After drug use caused Sharmila Clee’s parents to lose custody of her and her siblings in 1998, Clee said she was squarely against anything related to drugs or alcohol, including cannabis.
“An anti-drug and alcohol mantra became my identity for years,” she said.
Once her parents and extended biological family’s rights were terminated, Clee and her siblings were put up for adoption. She and her sister were separated from their special needs brother, who needed extended care.
“It was difficult finding a home willing to take in three children with a history of trauma,” Clee shared. “My experience started my passion to become the best social worker in the world, and help other children like us.”
Her brother was eventually returned to her biological parents; Clee started experiencing panic attacks soon after.
“I was barely managing, receiving calls in the middle of the night from my brother, with reports of our dad drunk and violent,” she recalled. “I was three hours away at college and felt powerless, but it propelled me to move forward with vengeance and purposes, after witnessing so much social injustice—in the world, then through the eyes of my brother.”
Clee learned to push down her feelings of panic and anxiety by numbing herself with a Valium habit that began in the Fall of 2001 while at graduate school. She was diagnosed with latent Post Traumatic Stress Disorder (PTSD). She remembers it disrupting her studies with random visions of her turbulent childhood, yet, she says, she managed to pull A’s in all subjects.
Her goal of climbing the corporate ladder was achieved. But she found that her new bureaucratic life was not all she had hoped for. She dreaded the monotony of wearing suits, the grueling commute, and her life in a cubicle.
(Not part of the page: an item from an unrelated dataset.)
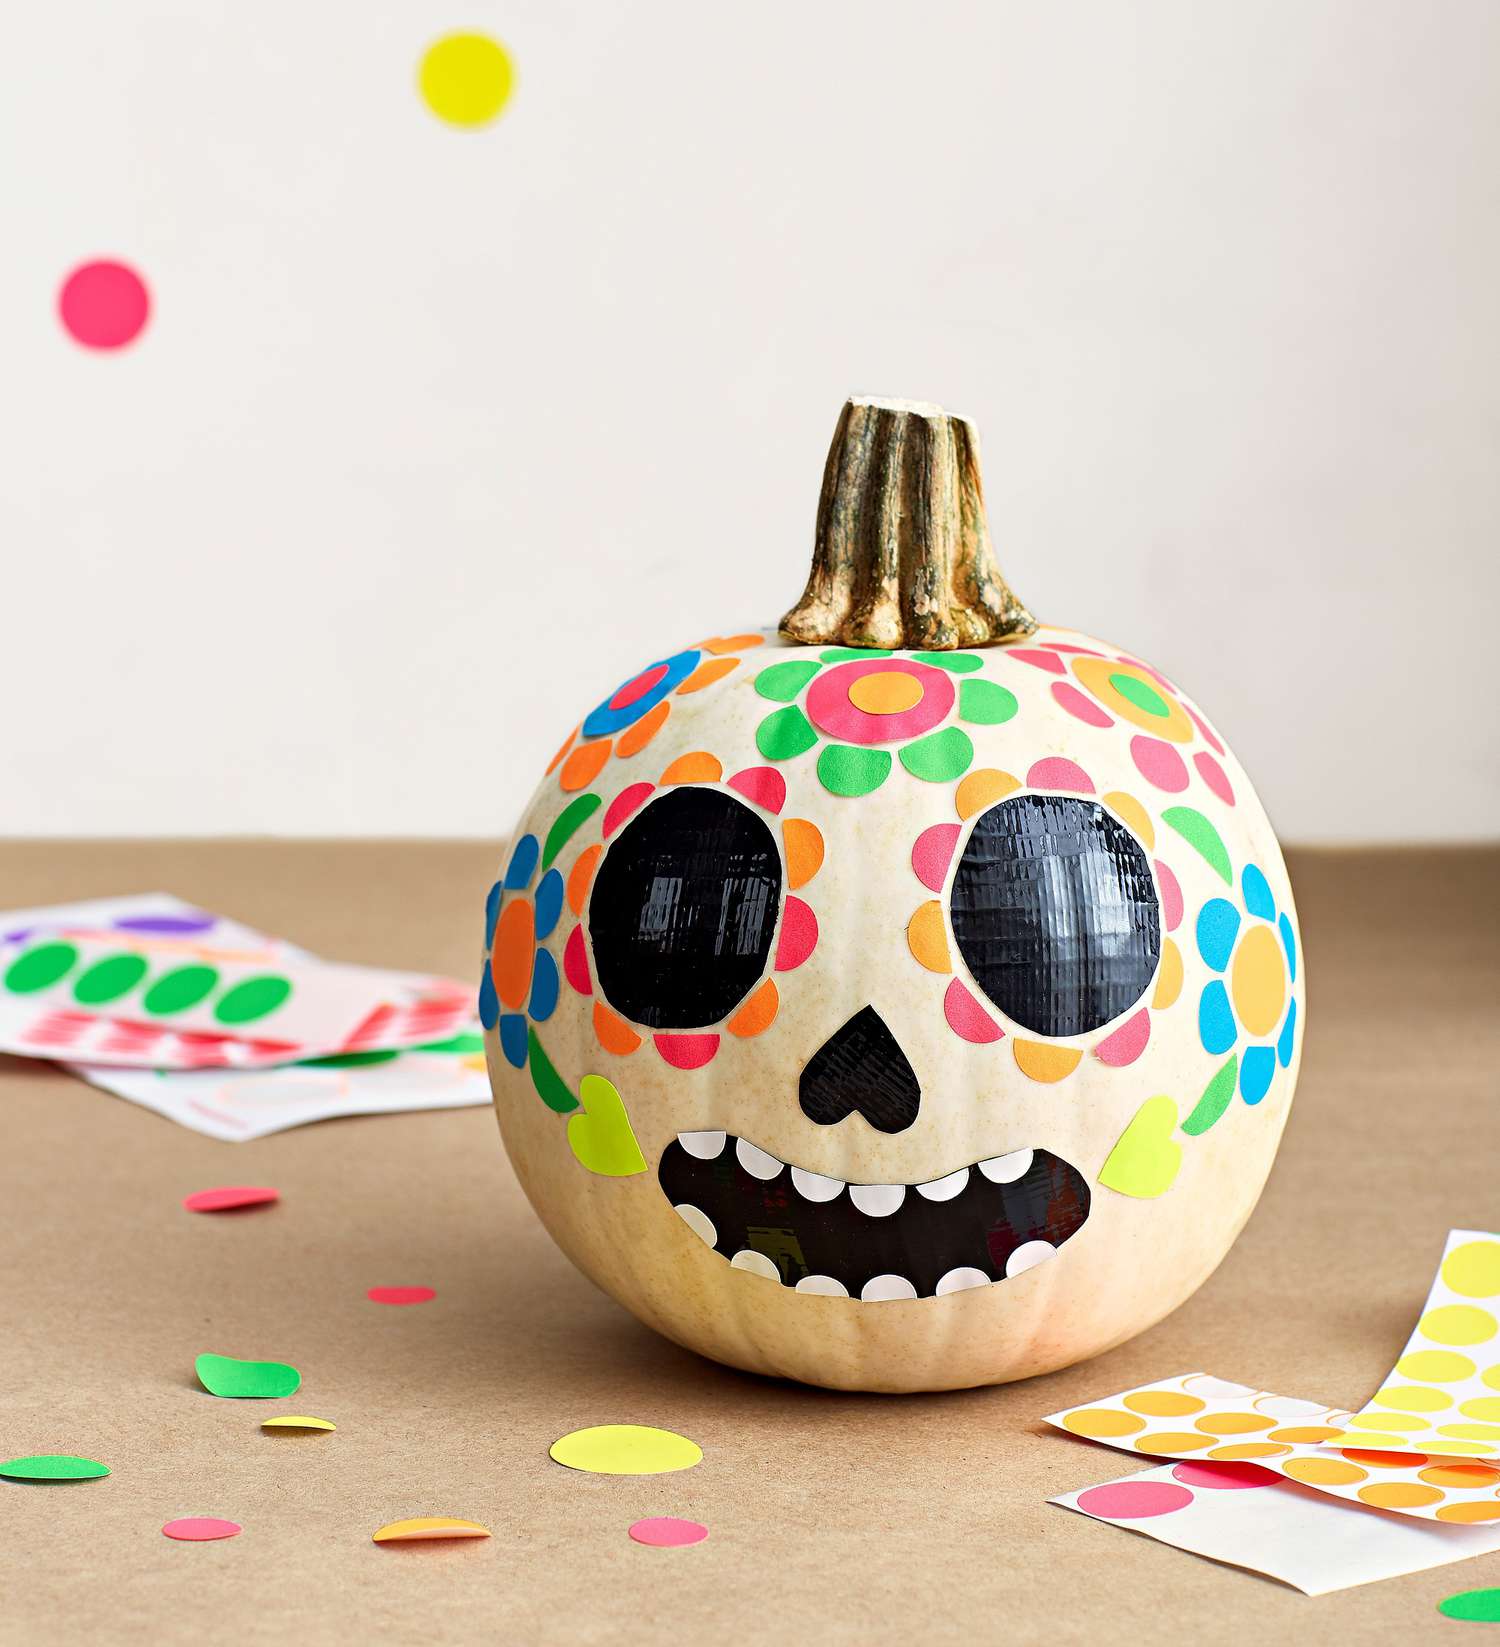 Easy No-Carve Pumpkin Decorating Ideas for Kids | Parents

“It was sucking my soul away,” she said.
“I ran out of Valium during Fourth of July weekend in 2014, when a British, barefoot, hippie friend passed me something called a ‘vape extreme,’” she said, laughing. “That weekend was the longest time I went without my medication, and eventually my body began to shake with withdrawal symptoms, so my friend convinced me to take a hit of his vape pen, and the shakes stopped.”
Clee began researching cannabis as medicine, which eventually led her to Greener Pastures Recovery in Maine—and its Plant-Assisted Therapy Program for addiction recovery.
“My personal treatment program has been a slow tapering off of the Valium and Zoloft, by smoking flower, hash oil, ingesting turmeric, relora, moringa, calcium, multi-vitamins, and full spectrum cannabis oil, or FECO,” she explained. “The FECO has probably been the most effective treatment, as it completely changes the overall feeling in my body, with a comforting internal blanket of well-being.”
Clee told us that not only is the throbbing bodily pain of withdrawal symptoms quelled with the strong concentrate, but the electric shock-type headaches are replaced with a feeling of comfort. She said the plant was a Godsend.
“Even with all the steps taken to subside any dangerous symptoms, my body still overheated in front of the fire one evening in my first Benzo-related seizure. Nothing makes the detox symptoms entirely go away, but Greener Pastures, its PAT program, and the space they provide, allows you to take the time to understand how your life has unfolded into addiction, helping you to reevaluate your life, better understand your psyche, history, and allows you to look at the here and now, and be present.”
Clee believes the culture of today’s society is a breeding ground for emotional detachment, leading to an unhappy life and subsequent addictions, either to drugs or an unhealthy lifestyle.
“Even when we appear to be successful and fulfilled, when we detach from a past filled with turmoil, we have a skewed perception of what happiness looks like,” she said. “Then next thing you know, you are making six figures, cheating on your spouse with a co-worker who is as emotionally unavailable as you are—but, hey, you have 50 thousand Instagram followers, so what’s the problem?”
Clee said she’s still a work in progress. She was disheartened to discover that kids in America’s foster care system are prescribed anti-anxiety medications at an alarming rate. Researchers even admit that a therapeutic dose often leads to dependency or addiction issues later in life.
“When you hand a bottle of Xanax to a teenager, it’s a potential death risk,” she said. “I’m not saying just give every kid cannabis, but pharmaceuticals are not the answer. We do know that every human body has an endocannabinoid system that accepts the healing properties of cannabis and other beneficial plants into all the systems in our bodies for health and mental well-being.”
“It’s time to start making moves in that direction.”